Kayce Atencio, who suffered an attack of the heart when he was 19 was unable rent an apartment for a number of years due to bad credit, which was attributed in part to a large amount of dollars in medical debt. “It always seemed like I couldn’t gain a foothold,” says Atencio, one of the millions of Americans that’s housing access is impacted due to medical debt. (Rachel Woolf from KFF Health News)

The proportion of American people who have medical debts on their credit report has fallen dramatically over the last year, as major credit ratings agencies removed unpaid small bills as well as debts less than one year old, as per analysis published Thursday by the Urban Institute. analysis released Thursday by the non-profit Urban Institute.

While at the same time many Americans have experienced an improvement in their credit scores and make it easier for a lot of people to secure a job, lease the perfect apartment or even get an automobile.

“This is an extremely important shift,” said Breno Braga economist with the Urban Institute and a co-author of the study. “It impacts a large number many people.”

For decades medical debt has slowed credit scores, weakening their financial stability of thousands of millions of families and patients.

With increasing pressure from advocates for patients as well as regulators from the government The three main credit agencies in the past 2 years took a variety of steps to erase medical debts from their credit reports, such as unpaid medical bills that are less than $500.

The changes are impacting. As of August, 5 percent of those who had credit reports had a medical-related debt on their credit report, a decrease from nearly 14% a couple of years ago, the Urban Institute analysis found.

Researchers also discovered that Americans with health-related debt in their credit reports in August 2022, saw the VantageScore credit score increase over the course of the year, going from a mean of 585 to 615 on average.

This has pushed many consumers out of the subprime group. Subprime borrowers usually pay higher rates of interest on loans and credit cards, if they’re able to get loans even.

Improved scores for consumers do not mean that medical debts are gone. Collectors, hospitals and other medical professionals still pursue patients with non-paid medical bills. Many are still suing patients, put lien on their homes or even sell debts.

However, the changes to credit reporting are reducing some of the more harmful consequences from medical loans.

The depressed credit scores of people with medical debt, for instance can hinder individuals’ accessibility to housing and lead to homelessness.

About 27 million people saw a substantial increase in their scores according to Urban Institute researchers estimated. VantageScore utilizes a slightly different approach to scoring as FICO, on January 1st ended the use of all medical loans in calculating scores.

The new credit reporting requirements have been criticized by the debt collection agencies and some medical professionals who have warned that medical facilities and doctors could require advance payments from patients prior to providing care, or could push more patients to credit cards or other types of loans.

In August the month of August, an California dermatologist filed a lawsuit against the three largest ratings agencies for consumer credit.
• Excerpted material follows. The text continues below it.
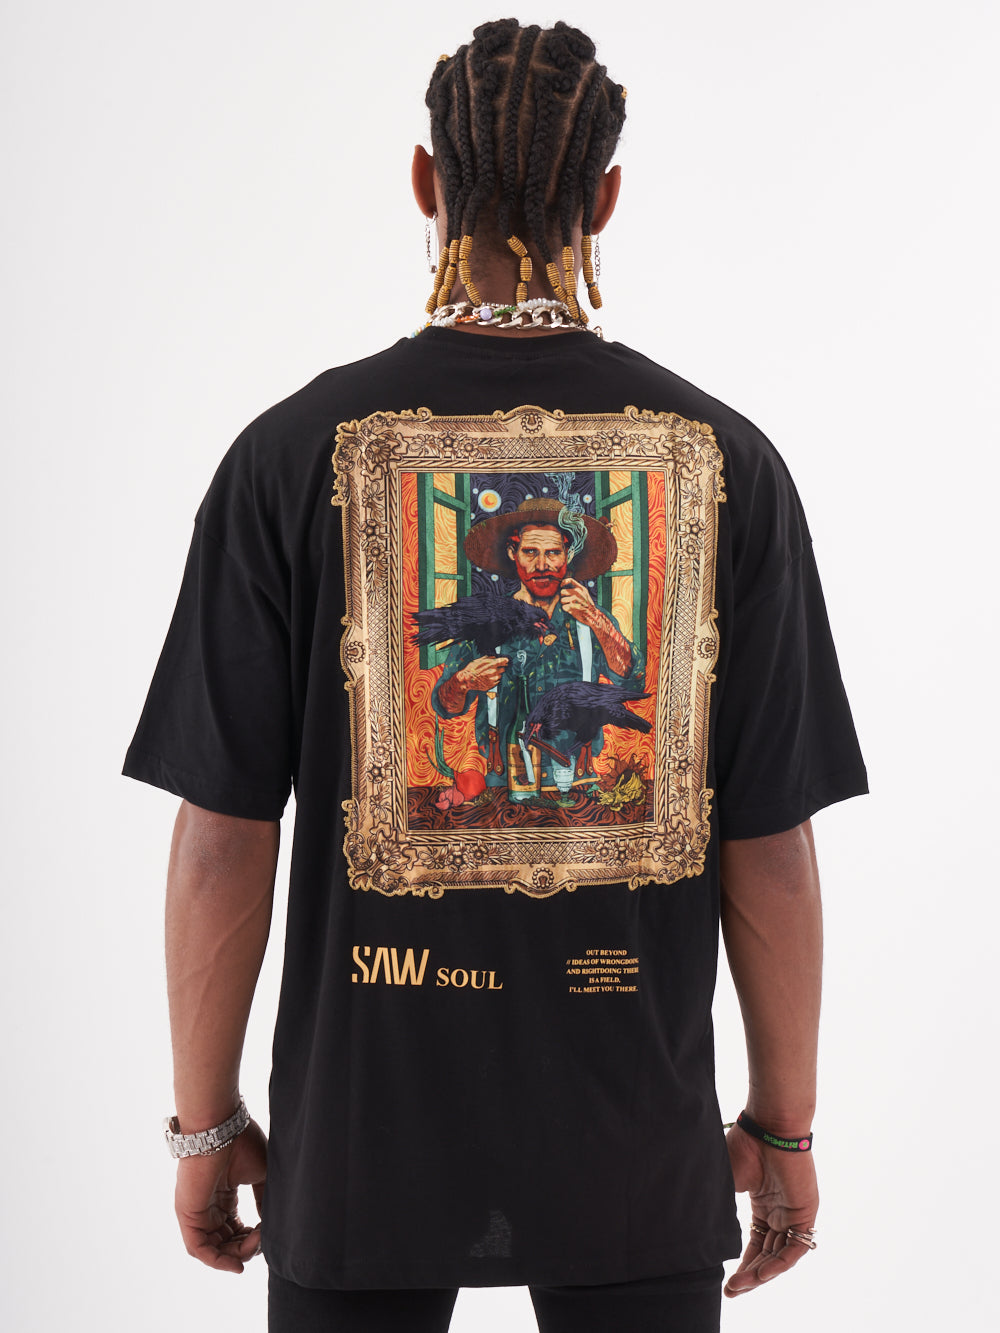 The back of a man wearing a black VINCENT T-SHIRT with a painting on it.

He claimed that if there were fewer medical debts being reported in the credit file, the patients will have less incentive to cover their bills, which could cost dermatologists across the nation millions of dollars. The case is currently pending at the Federal Court.

However, the majority of prominent patient and consumer advocates support the more stringent credit reporting regulations. Additional research from the Federal Consumer Financial Protection Bureau, has shown that medical debt unlike other types of debt, does not accurately gauge a person’s creditworthiness, putting into doubt its value in the credit report.

In September in September, The Biden administration made plans to promote broader changes to eliminate any medical debt from consumers credit scores. Federal regulations for the implementation of this ban are expected to be created in the coming year by the CFPB Federal officials have said.

The bill would extend current state initiatives. This was the case in June when Colorado adopted a groundbreaking law that blocks medical debts from appearing in credit reports for residents or being incorporated to their score. Similar legislation was passed through lawmakers in the New York state legislature this year, and is currently awaiting approval by the governor.

According to Urban Institute researchers predicted that the policies would continue to boost consumer credit scores, even though they cautioned that further drastic changes are needed to cut down on medical debt which is a burden on around 100 million Americans across the U.S.

“Reducing costs associated with medical debt as well as its broad-ranging implications will likely require changes to the health insurance system which build upon the Affordable Care Act, which will further safeguard consumers from medical costs they cannot pay for,” the report concludes.

The study by the Urban Institute, which has collaborated together with KFF Health News over the past two years to examine medical debt information that is based on selection of credit information from one of three credit rating agencies that are the largest.

KFF Health News which was previously called Kaiser Health News (KHN) is a newsroom in the nation that provides in-depth news on health-related issues. It is also one of the main operating programs of KFF — an non-profit source for health research, polling, and journalism.